Кузовлев готов был делиться воспоминаниями и дальше, но впереди замаячил конец улицы Скатной. Не доходя до него метров сто, он остановился и указал глазами на самое последнее жилище.
– Видите каменный дом на отшибе, тот с красной железной крышей и флюгером в виде всадника. На дворе два амбара, один крыт тесом, другой – соломой. Железную цепь я видел в первом из них.
– Спасибо, Харитон Петрович! – Я с чувством пожал крепкую руку сыщика. – Приятно было с вами познакомиться.
– Всегда рад помочь тем, кто борется с преступностью. Заходите, если что.
– Обязательно зайду!.. Да, до недавнего времени вы работали делопроизводителем подотдела помощи военно-увечным.
– Было такое. А откуда вы узнали?
– Есть список офицеров и бывших сотрудников сыска…
– А полицейский архив, картотека преступников сохранились?
– Насколько я могу судить, картотека в целости и сохранности.
– Вот как?.. Мне ведь довелось видеть, как все это было выброшено в амбар при здании полиции на Лебедянской. Ценные документы кучами валялись на земляном полу в страшной сырости. Более того, когда в усадьбе расположилась проходившая через город воинская часть, то солдаты, сбив замок с амбарной двери, стали пускать документы на самокрутки!

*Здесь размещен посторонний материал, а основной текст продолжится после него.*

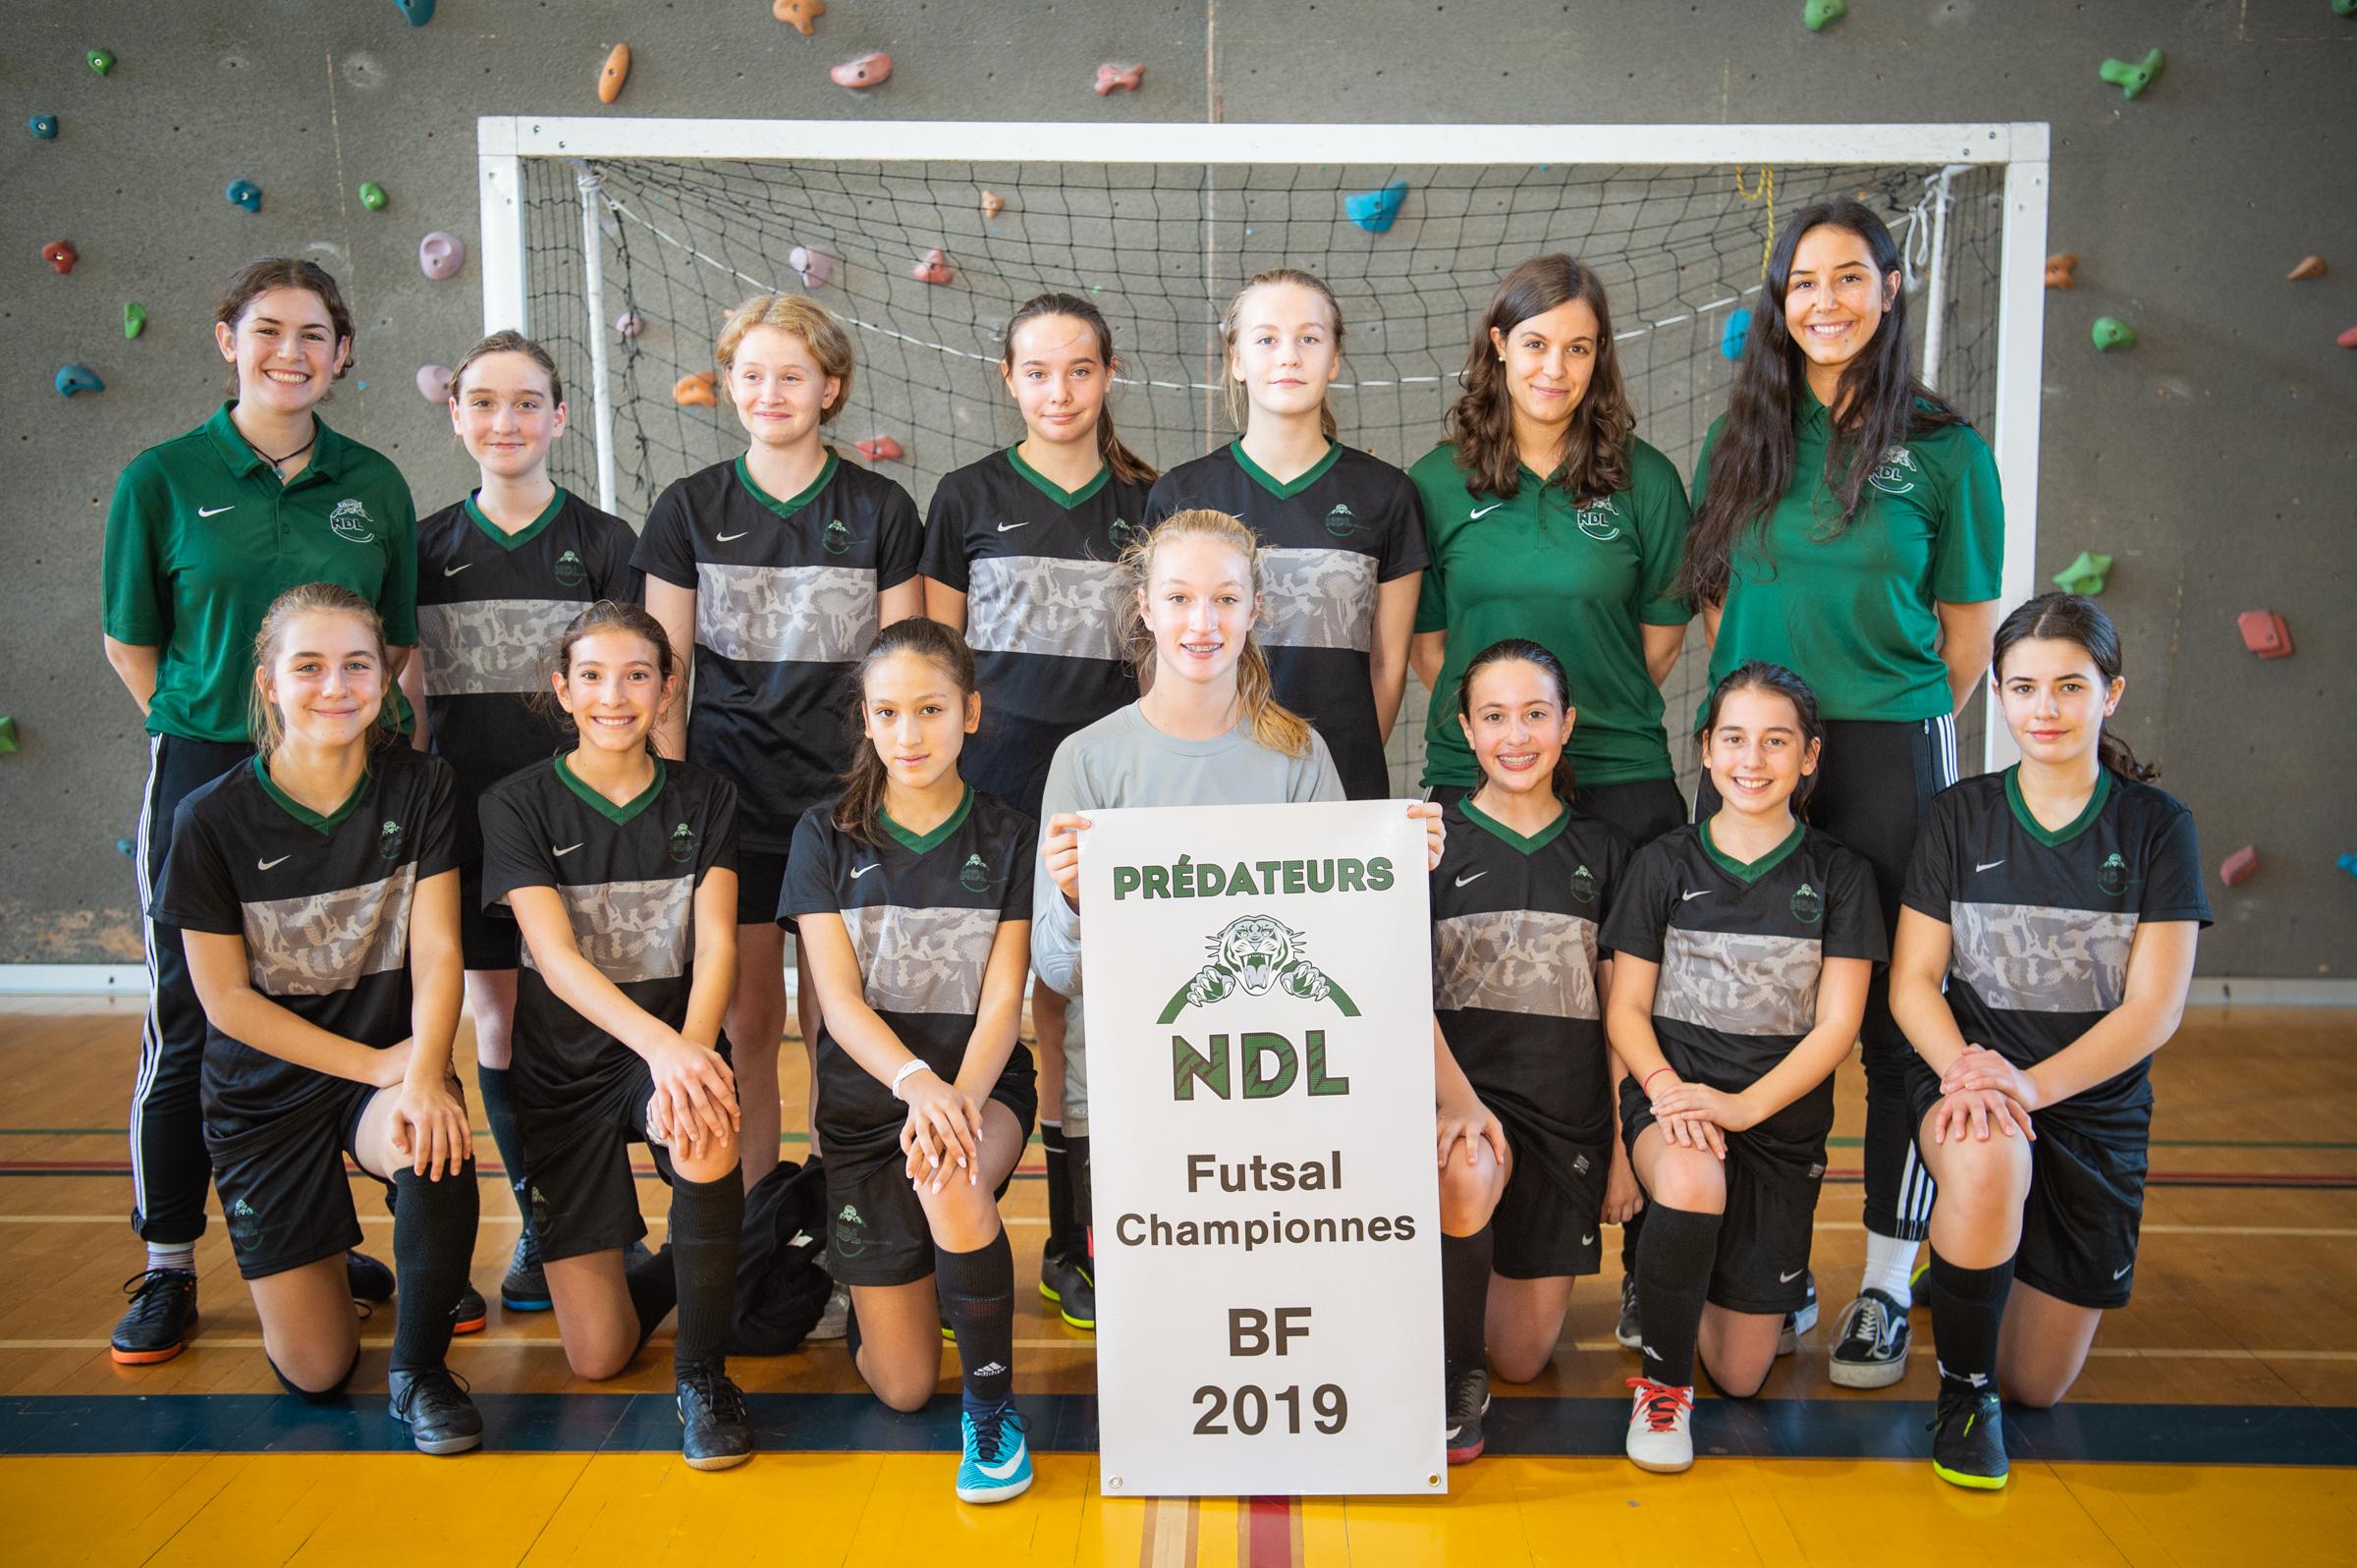 Benjamines D3 - championnes du Tournoi de futsal présaison des Prédateurs du Collège NDL 2019
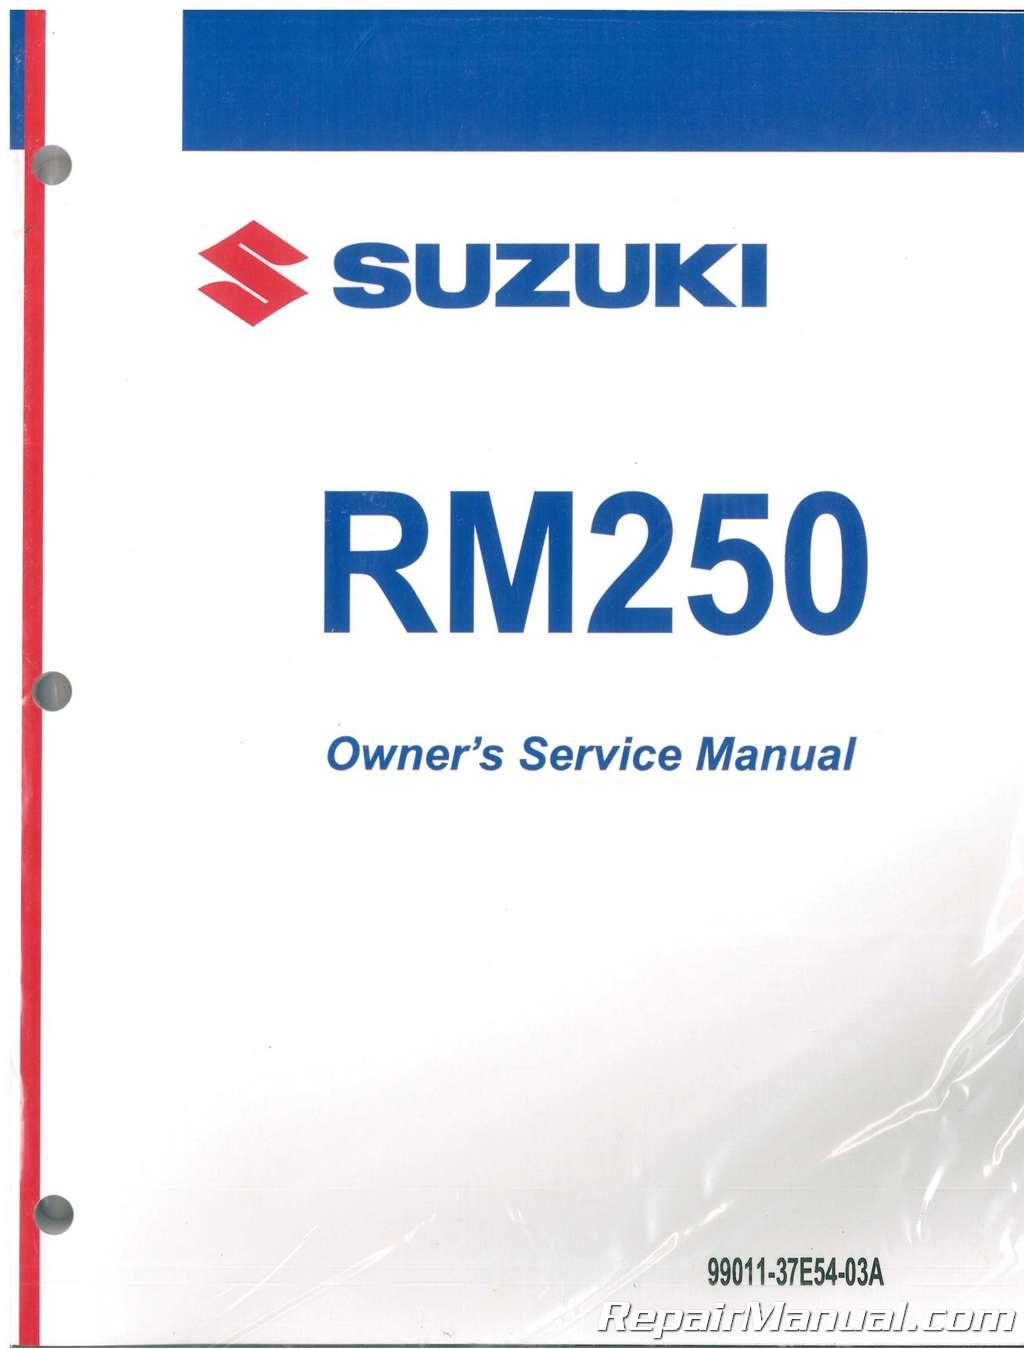 2000 suzuki rm250y motorcycle service manual rh repairmanual com 2003 RM 250 2000 rm 250 service manual pdf
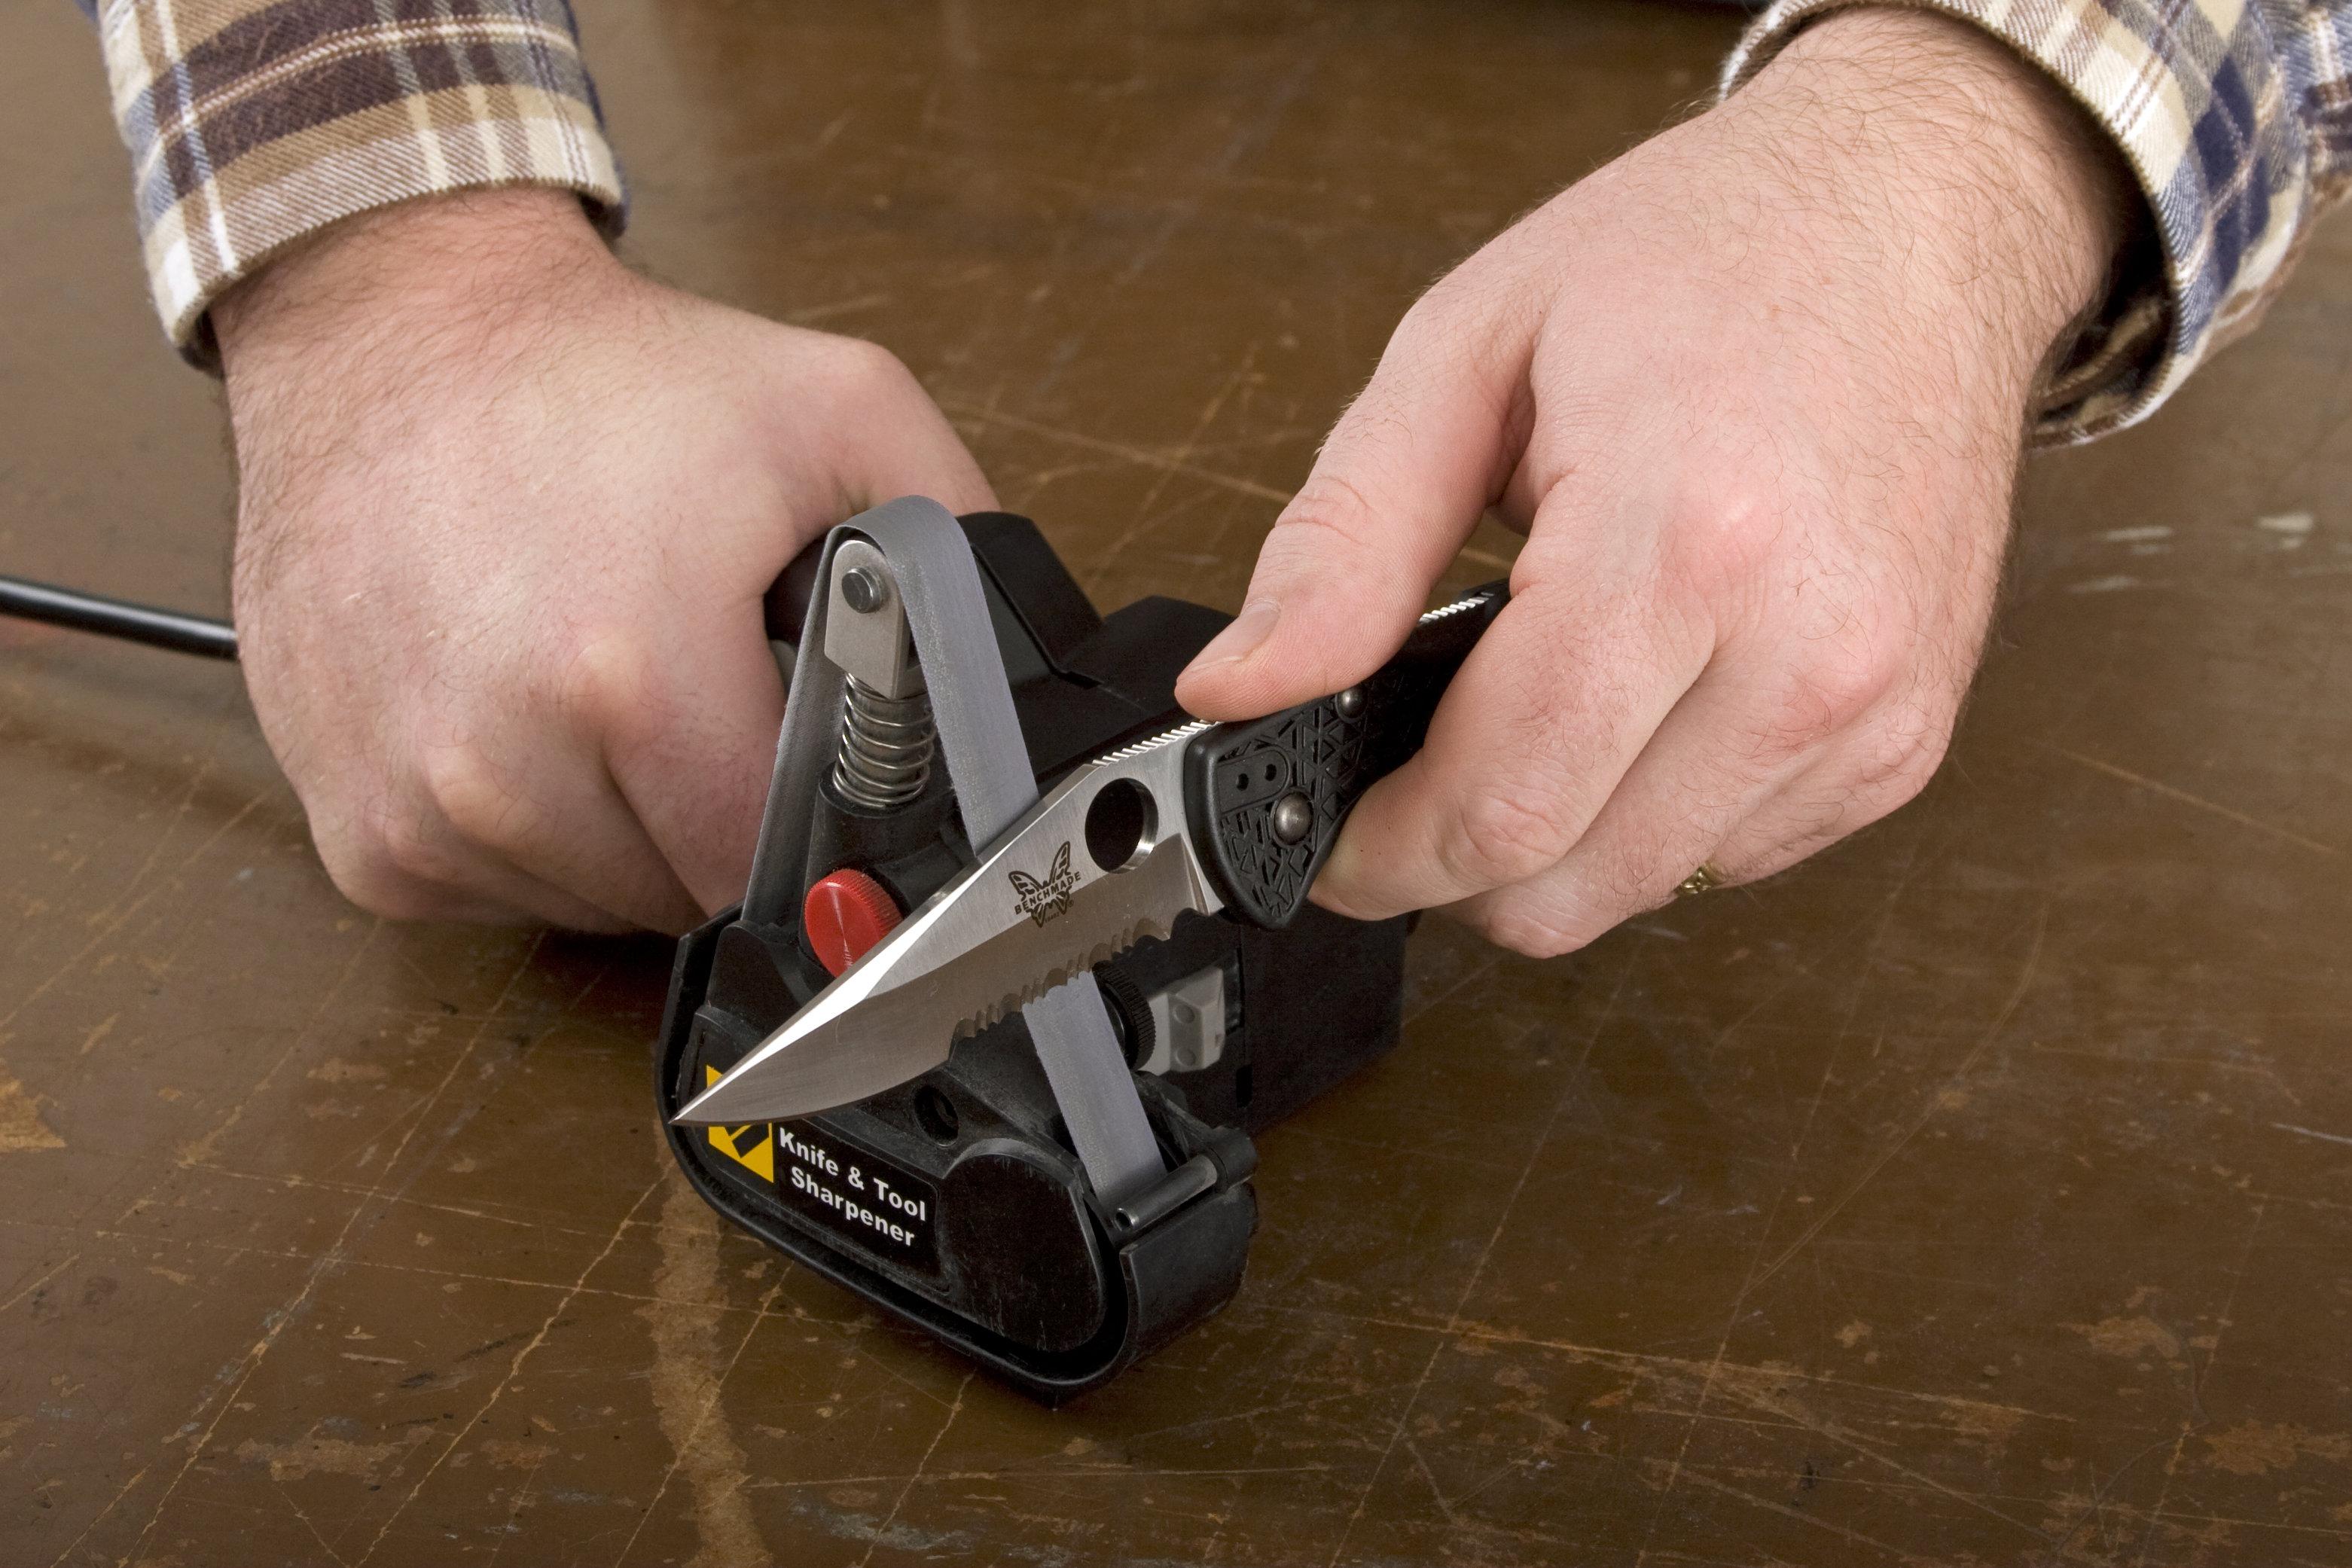 bobet sharp easy manual knife sharpener

– Ужасное отношение к архивам! Варварство!.. Так вы сами ушли с должности или…
– Начальник подотдела из-за моего дворянского происхождения посчитал меня неблагонадежным. Сделал все, чтобы я был уволен.
– Но как же вы сводите концы с концами?
– Продаю на базаре сохранившиеся фамильные драгоценности, составляю всякого рода прошения в Комиссариат. Огородец у меня, садик какой никакой.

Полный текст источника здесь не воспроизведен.